Karla Bloem is the founder and Executive Director of the International Owl Center, a nonprofit that seeks to educate people about owls and inspire them to take conservation action. She began studying the vocalizations of wild and captive great horned owls (Bubo virginianus) in Minnesota in 2004 when her fixed recorders began to detect barn owls (considered extralimital in the area). Over the past three years, Karla has detected barn owls in a variety of new locations, effectively redefining their status in the state with the help of acoustic monitoring.


Passive Acoustic Monitoring of Northern Spotted Owls: This Is the Way

Northern spotted owls (Strix occidentalis caurina) are an important indicator species for old-growth forests—a primary reason scientists have monitored their populations since the 1980s. Using mark-resight methods and call-back surveys, the results of spotted owl monitoring have significantly influenced large-scale land management and conservation decisions. However, traditional methods are increasingly expensive and less viable as spotted owl populations decline. Passive acoustic monitoring (PAM) provides an effective, non-invasive way to detect spotted owl presence and population trends, sex individuals, and estimate pair-occupancy rates. A key component of our monitoring program’s success has been the development of machine learning models that automate species detections and enable rapid data processing and analysis workflows. By leveraging new technologies, northern spotted owl monitoring will expand the scope of inference to broad biodiversity monitoring and better link to remote sensing datasets to support decision-makers facing challenges in dynamic landscapes.

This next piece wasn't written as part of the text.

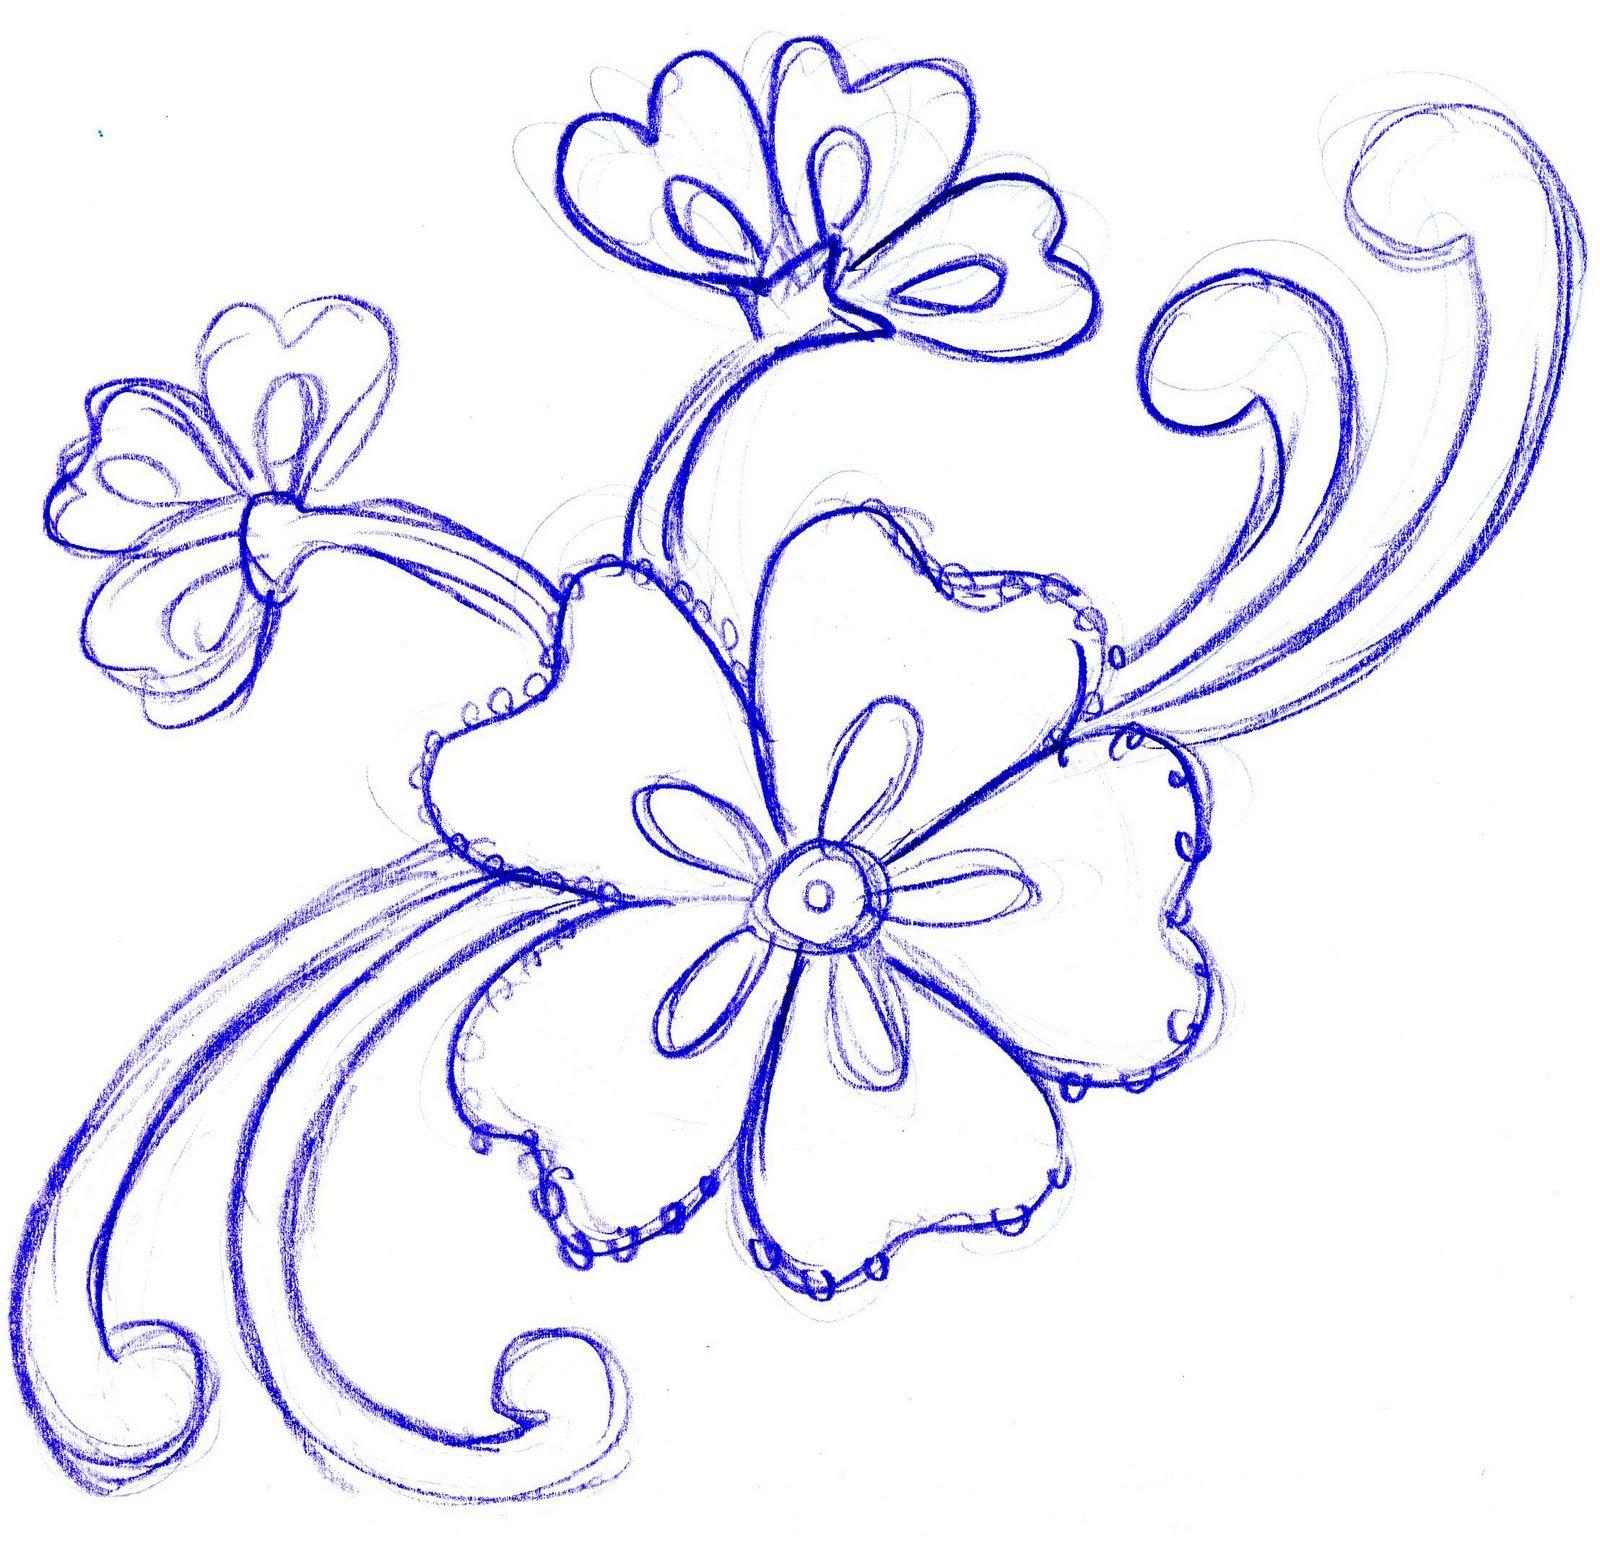 1600x1542 Sketches Of Flowers Corinne Okada Design Concept Sketches

About Damon B. Lesmeister, PhD

Dr. Damon Lesmeister is the Principal Investigator of the Predator-Prey and Bioacoustics Lab in Corvallis, Oregon. He is a Research Wildlife Biologist with USDA Forest Service’s Pacific Northwest Research Station and holds Courtesy Faculty appointments with Oregon State University’s College of Forestry, and College of Agricultural Sciences. Dr. Lesmeister co-advises graduate students with OSU faculty. He has studied avian and mammalian predators and their prey in a variety of forest ecosystems.